A deep learning approach model was presented as a detailed experiment with evaluation steps undertaken to test the effectiveness. These experiments were based on CGL patient’s photography database. To build and train the convolutional neural network model, it was used Python 3 and some libraries to help, such as Numpy v1.17.4 and Tensorflow v1.15. All experiments were run on a standard PC without a GPU card and a i5-4210u processor.
This study was performed in accordance with the Declaration of Helsinki and was approved by the University Hospital Walter Cantídio Ethics Committee, Fortaleza, Ceara, Brazil (nº 5.364.464). All the patients and their families gave formal consent to participate in the study by signing the free informed consent form prior to their inclusion.
The dataset consists of two main categories (training and testing) and three subcategories containing photos of patients with CGL, individuals with malnutrition and eutrophic individuals with athletic build. A total of 337 images of individuals of different ages, children and adults were carefully chosen from internet open access database and photographic records of stored images of medical records of a reference center for inherited lipodystrophies. In the search for photographic records published on open access platforms, a literature review was carried out. The searches were carried out in the Lilacs, PubMed and Scielo databases. Descriptors and their combinations in Portuguese and English were used with Boolean operators: “Congenital Generalized Lipodystrophy” OR "Berardinelli-Seip Syndrome" AND “physiopathological mechanisms” OR “phonotype” OR “clinical characteristics”; “Malnutrition” AND “physiopathological mechanisms” OR “phonotype” OR “clinical characteristics”.
There was no standardization for the acquisition or selection of photographic images of the patients. The clinical history of the 22 patients followed up at the outpatient referral clinic, whose images were included in the analysis, was assessed through medical records.
Several data augmentation methods were employed to artificially increase the size and quality of the dataset. This process helps in solving overfitting problems and enhances the model’s generalization ability during training.

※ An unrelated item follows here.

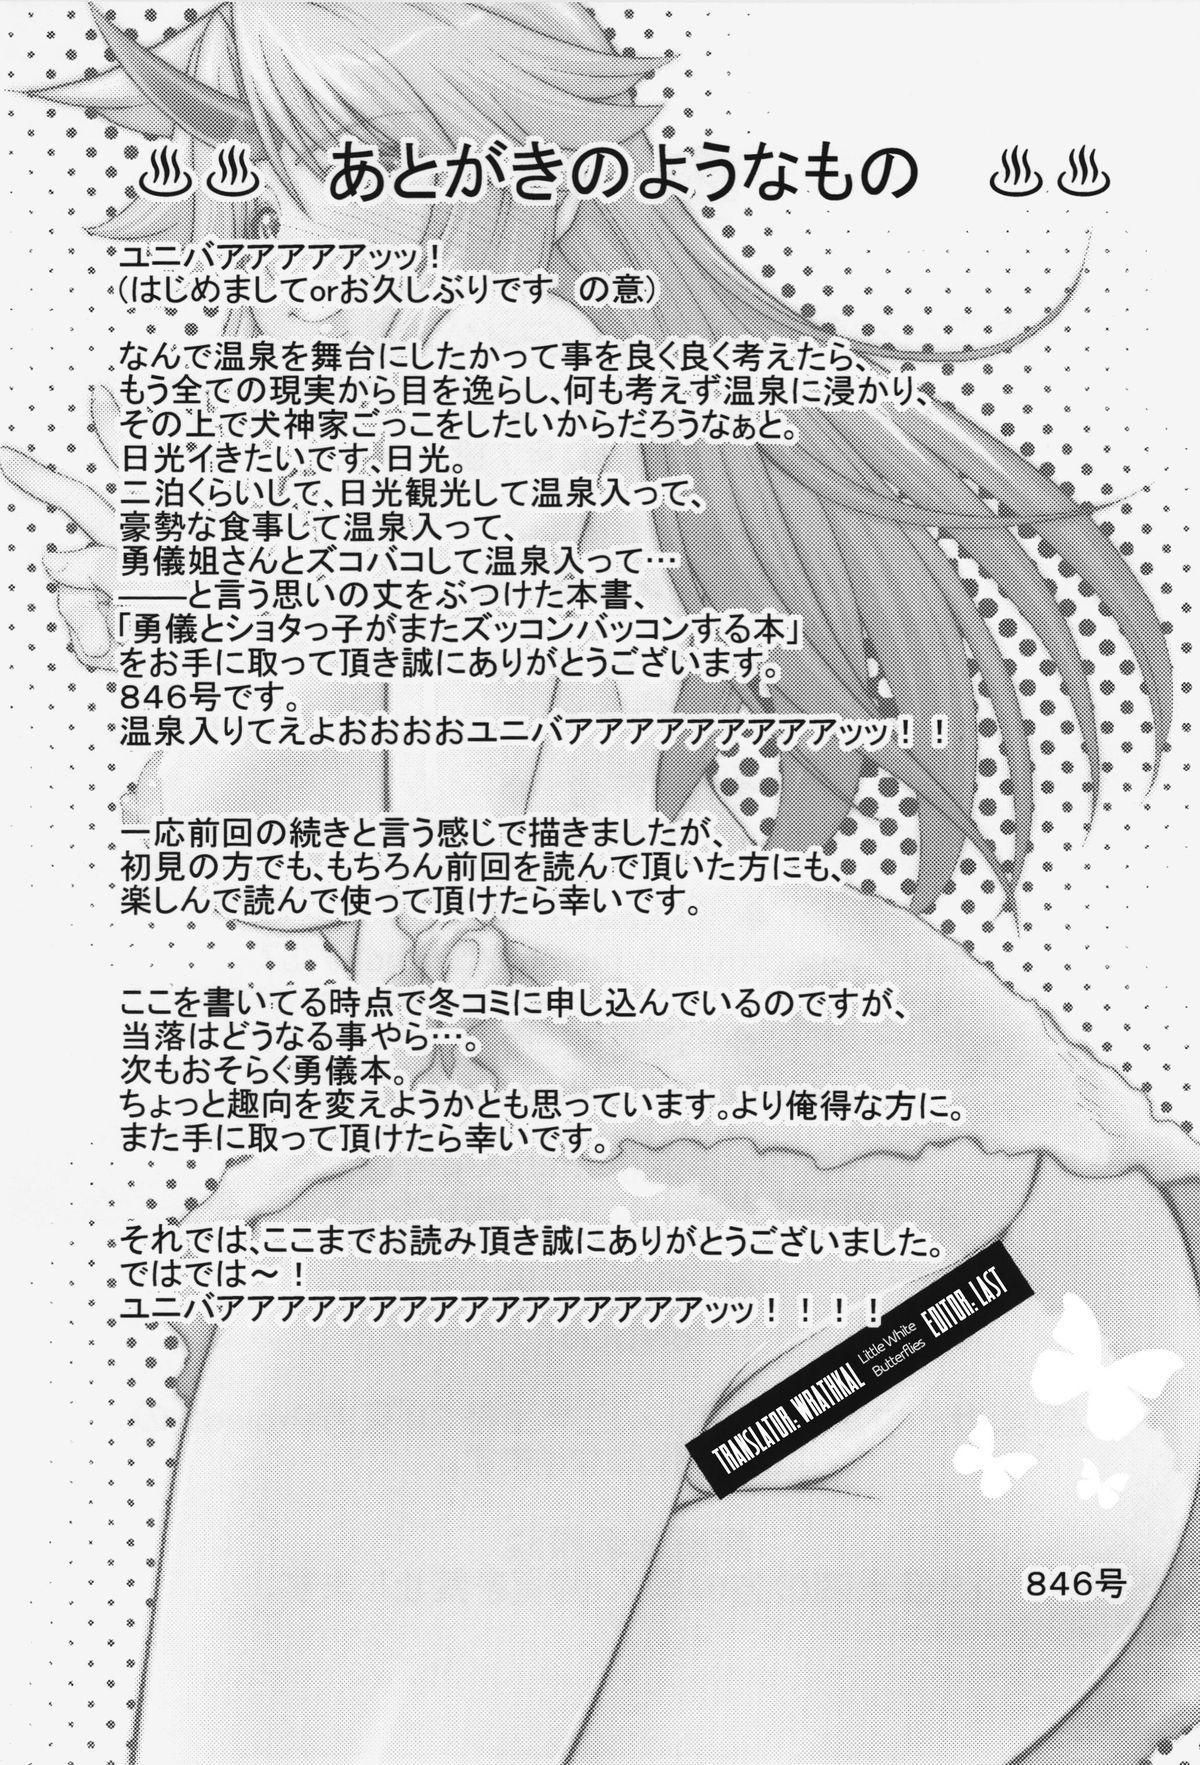 Yuugi to Shotakko ga Mata Zukkon Bakkon Suru Hon 28

In order to carry out the data augmentation process, geometric transformation techniques were used. Some images were rotated and zoomed using angles arbitrarily chosen by the author. In total, 8 processes were chosen, 6 of which consisted of rotating 45, 90, 180º, -90, -50 or -45 degrees. And the other 2 consist of zooming the image and rotating 18º or 114º. At the end of the process, a database was obtained with a total of 896 images.

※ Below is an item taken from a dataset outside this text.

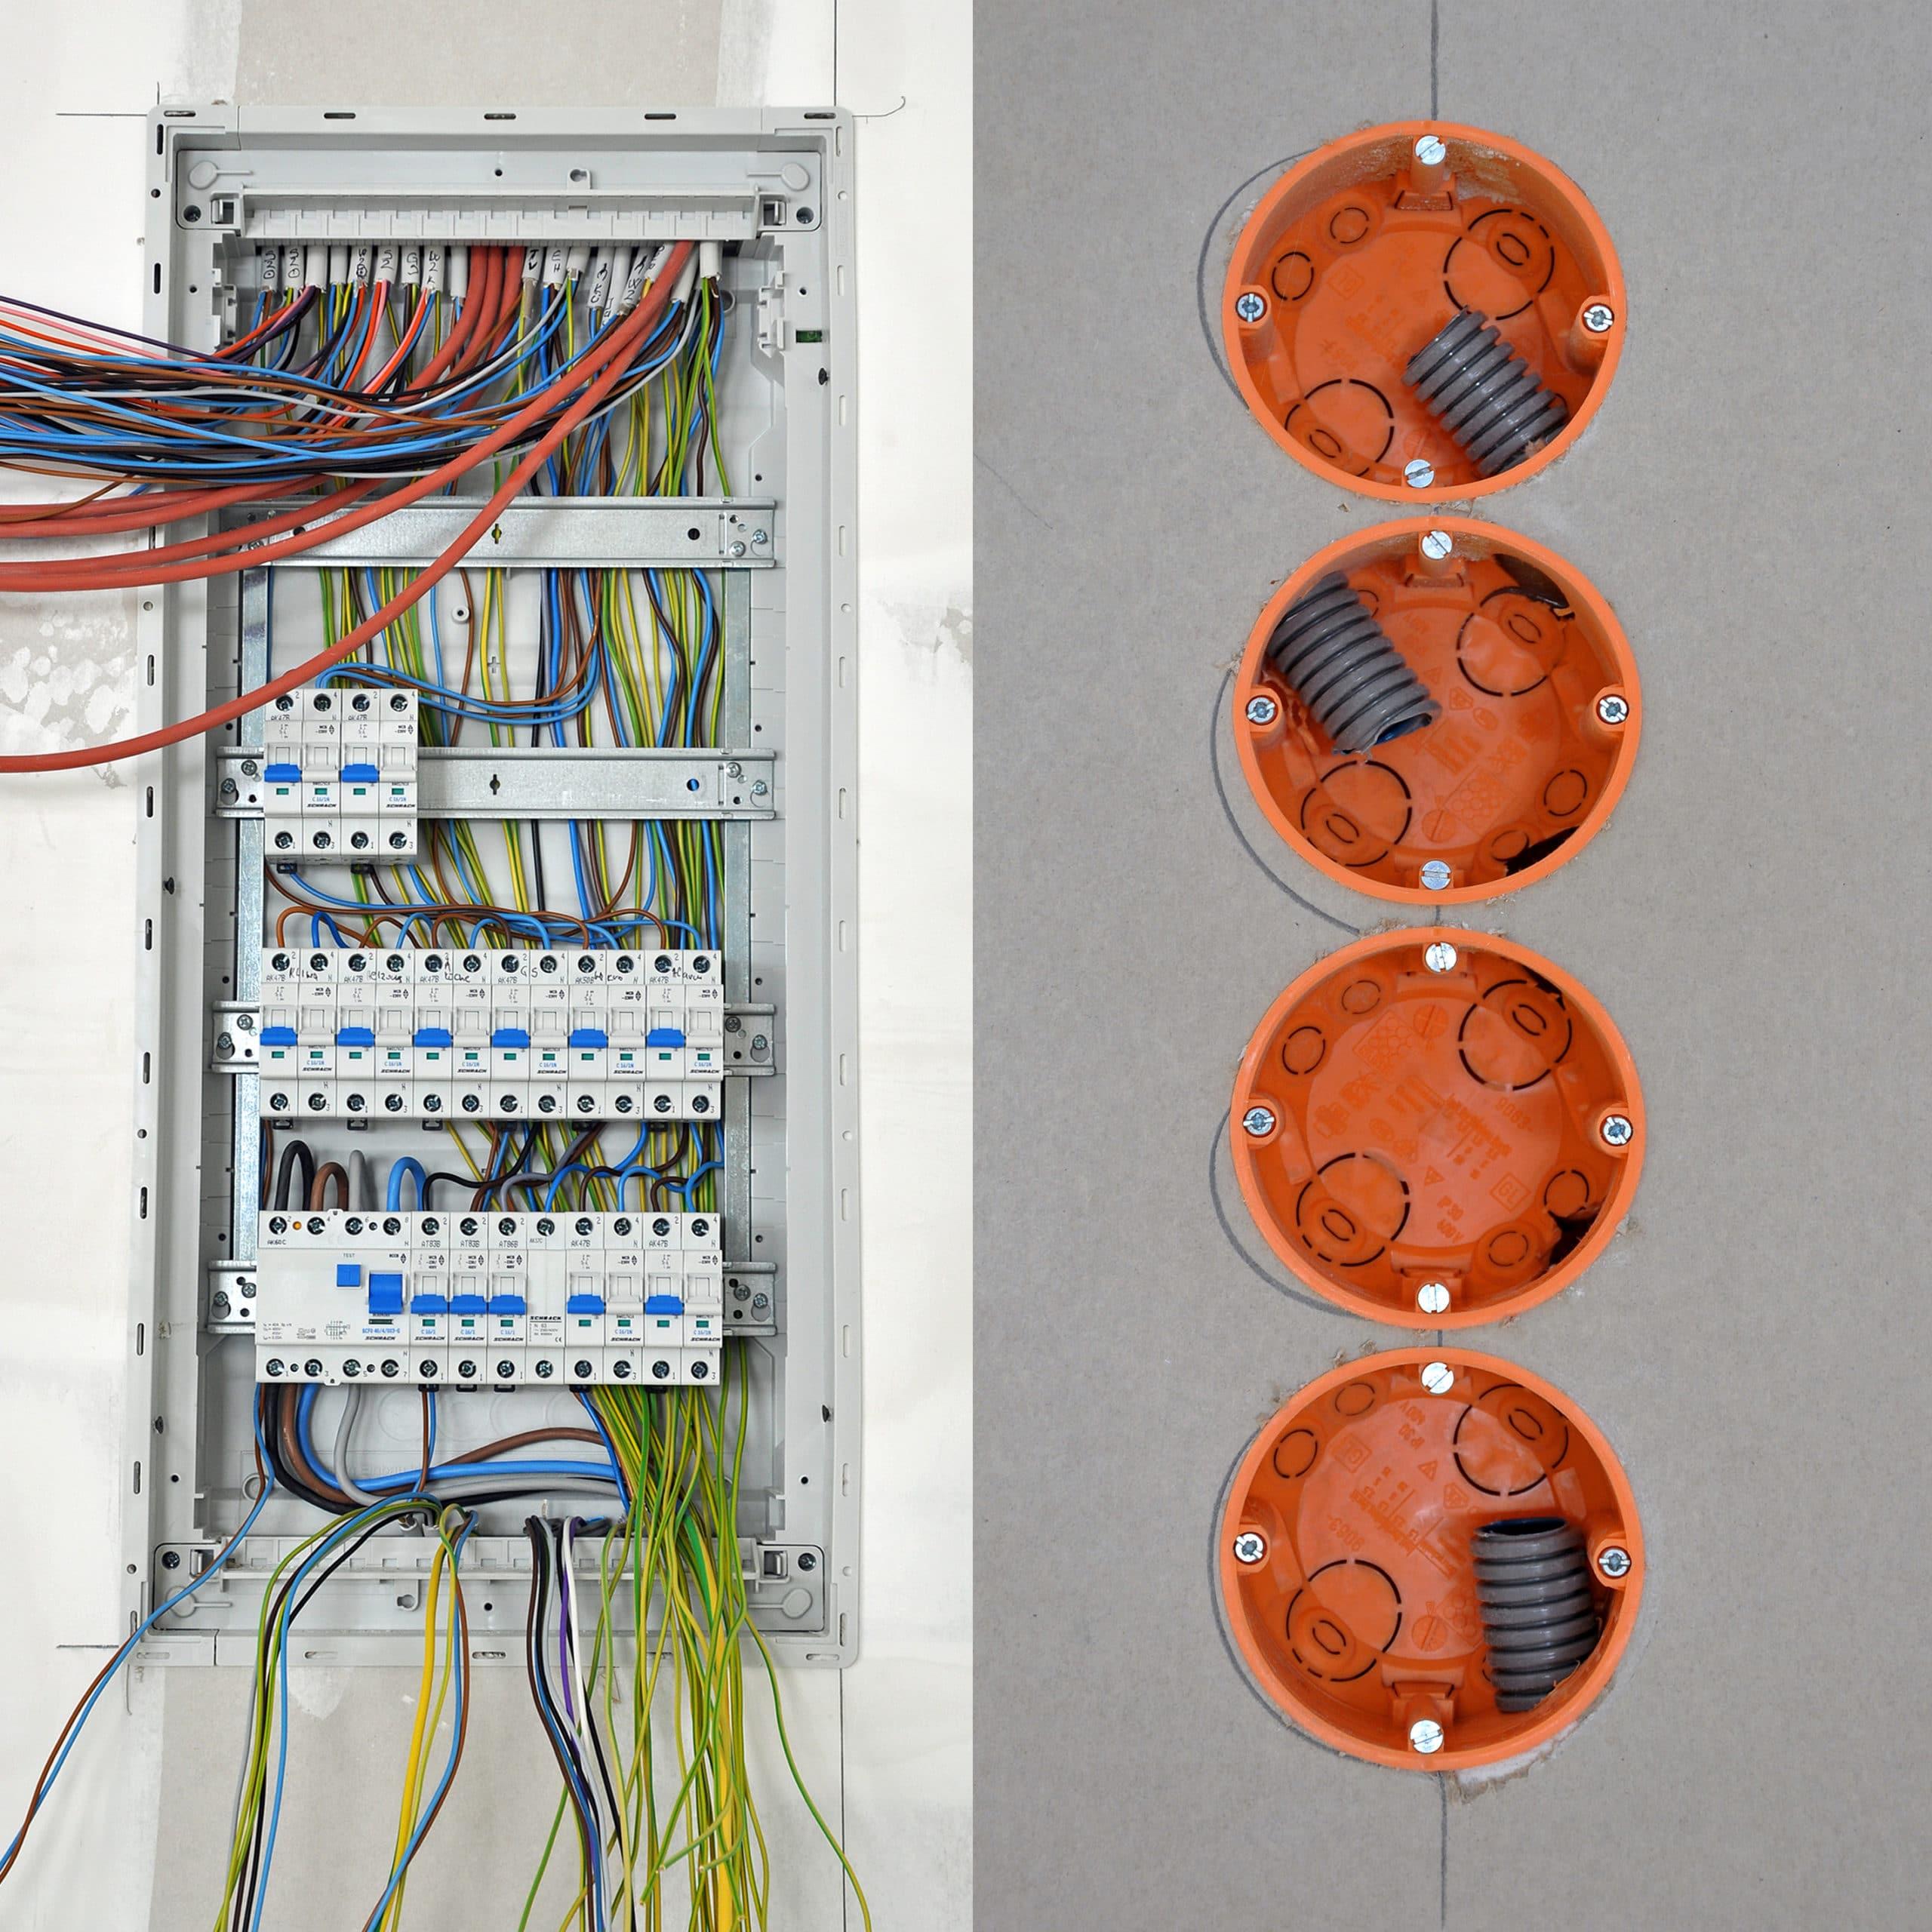 Elektroarbeiten werden ausgeführt

The architecture of the proposed CNN model consists of two major phases: the feature extraction and the classification (Fig. 1). However, before images are sent to the network, it is necessary to make transformations to the images. These consist of converting to grayscale, resizing and normalization. After carrying out these transformations, it is necessary to concatenate each transformed image in a large matrix, which is sent to the first layer of CNN. In this work, the feature extraction phase consists of using two pooling layers with a 2x2 filter and two convolutional layers with the ReLu function to increase the non-linearity of the output and each layer of the attribute extraction phase receives information from the previous layer, the data in the output layer, in turn, is passed as input to the subsequent layer. At the end of the first phase, and with the model already trained, the classification of patients with or without CGL is made by the fully connected network, and for this work we used three hidden layers with 1024 artificial neurons at each.

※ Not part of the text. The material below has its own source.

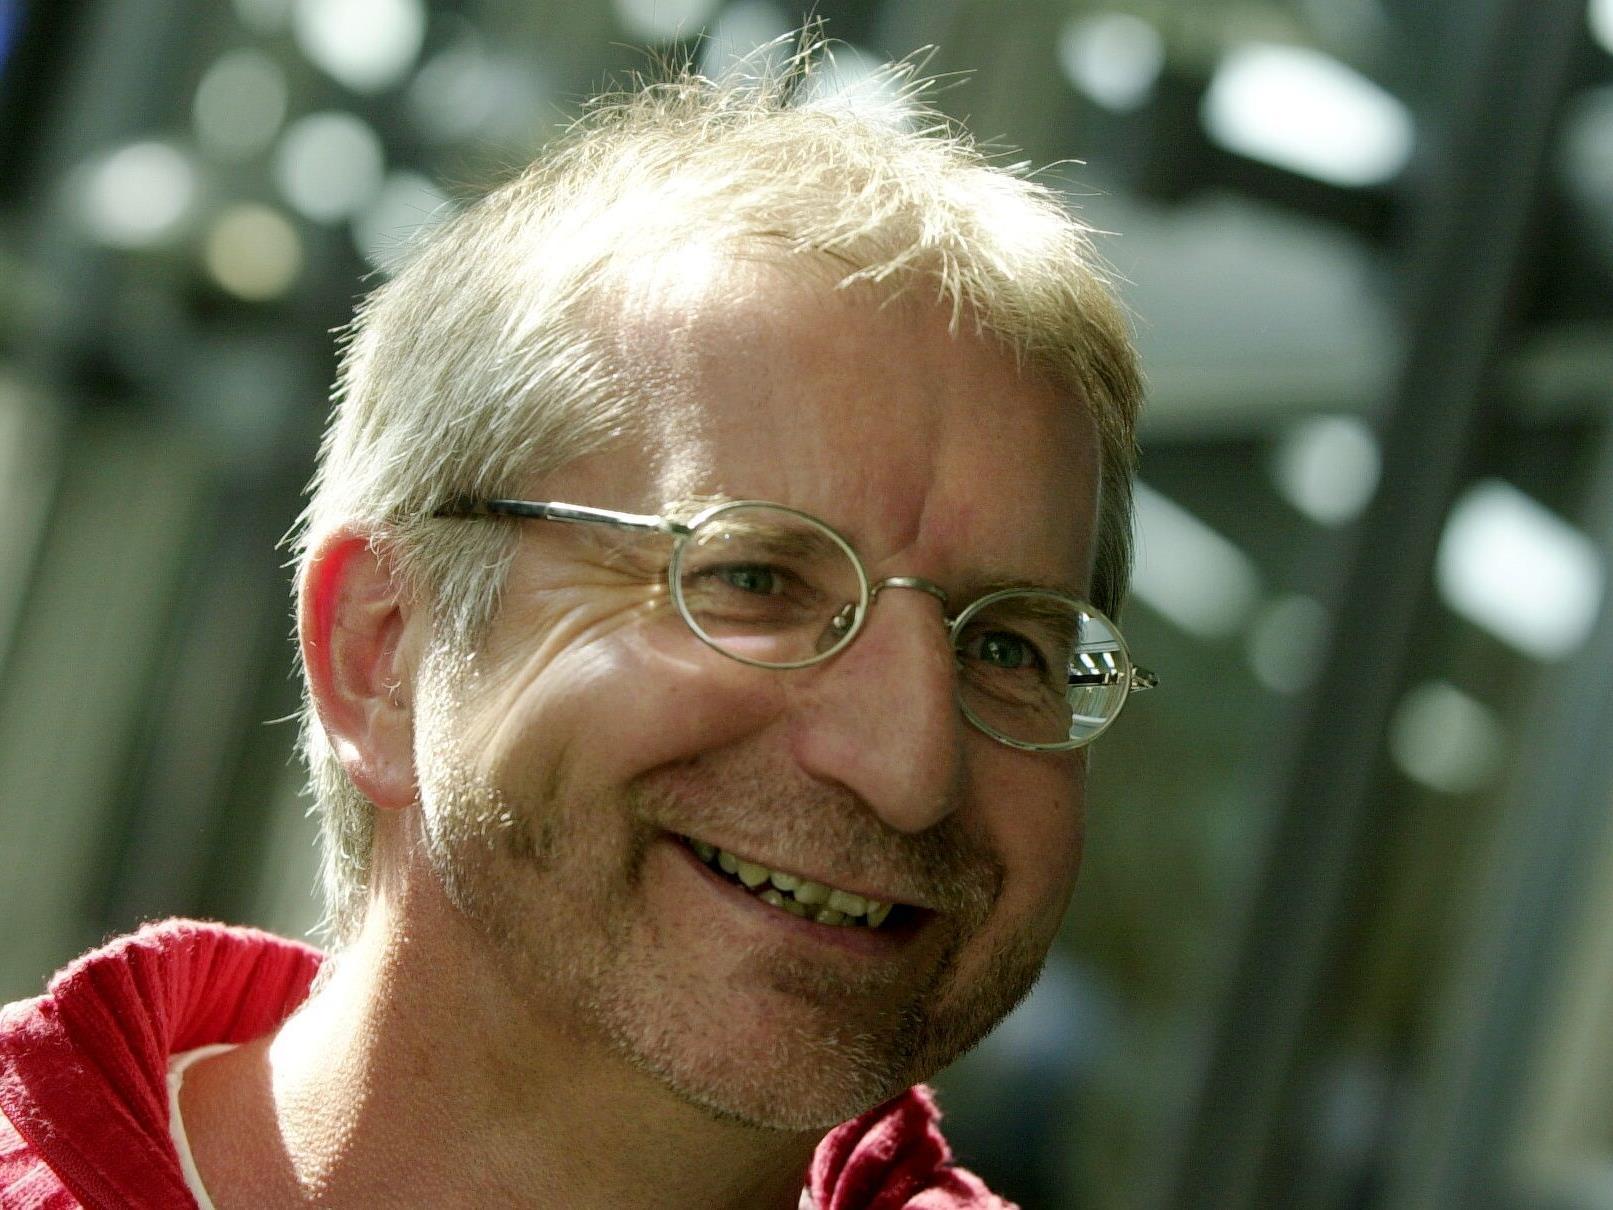 Pierre Stutz

The hyperparameters used to configure the CNN are shown in Table 1. In this, it is possible to identify that the amounts of convolution and hidden layers are smaller than the amounts of neurons per layers. This motivation was due to the fact that the computational cost increases exponentially when increasing the number of layers. Another hyperparameter that can be highlighted is the activation function, which is present in all neurons, except those present in the output layer, which use the sigmoidal function.
Table 1
Number of convolutional layers
|
2
|
Filter feature order
|
[2x2]
|
Number of pooling layers
|
2
|
Learning rate
|
0,001
|
Number of neurons per layer
|
1024
|
Turn-off neurons percentage
|
0,2
|
Activation Function
|
ReLu
|
Maximum Number of Epochs
|
600
|
Number of hidden layer
|
5
|
For validation, the dataset was partitioned into four parts, keeping the same proportion of the three subcategories in each part. The 4-fold cross-validation technique was applied, using 75% (3 parts) of the data as training and 25% (1 part) as a test. Following the technique, 4 tests were performed, changing the parts that were used as training and testing until each part was used exactly once as validation data (Fig. 2).